Sunrise Lake is a census-designated place and private lake community located in Dingman Township, Pike County in the state of Pennsylvania. The community is located along Pennsylvania Route 739 in eastern Pike County, about eight miles west of the New Jersey state line at the Delaware River. Sunrise Lake is between, and shares borders with, the CDP communities of Conashaugh Lakes and Gold Key Lake.  Sunrise Lake shares its name with the lake of the same name that the community surrounds.  As of the 2010 census the population was 1,387 residents.

History of the area
Before humans, the land was under thousands of feet of ice during the Wisconsin Glaciation. After melting glaciers left kettle lakes such as nearby Gold Key Lake, the land was left rock-strewn and rough. Considered a part of the Glaciated Low Plateau section of Pennsylvania, the land is slightly varied in elevation with the Sunrise Lake's main dam measured at 1309.8 feet above sea level

Before the arrival of European settlers, the land now encompassing most of Pike County was the domain of the Lenape people. The Lenape were expelled from the area after the Walking Purchase of 1737, which placed a large amount of new territory under the control of the Province of Pennsylvania. The land was next under conflict because it was claimed by settlers from Connecticut, eventually fueling the Pennamite–Yankee Wars between 1769 and 1784. After the Revolutionary War, the former colony became today's Commonwealth of Pennsylvania and land began to be settled.

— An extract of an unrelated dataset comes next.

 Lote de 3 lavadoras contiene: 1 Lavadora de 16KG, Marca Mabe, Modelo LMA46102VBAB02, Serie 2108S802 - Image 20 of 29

Like many of the private lake communities in the area such as Gold Key and Woodlands, the land which is now Sunrise Lake was originally purchased by a private developer and subdivided into residential housing. A property owners' association was organized in 2009, following resident disapproval of the management of the community.

Schooling
The community is served by the Delaware Valley School District, with local schooling from Kindergarten through eighth grade. Delaware Valley High School in Westfall provides ninth through twelfth grade education.

Transportation
The community's main roads lead to Route 739. 739 leads to Route 6 and Interstate 84, the closest major highway. A close minor road is Log Tavern Road, which is a route to Milford from just outside the community's main entrance.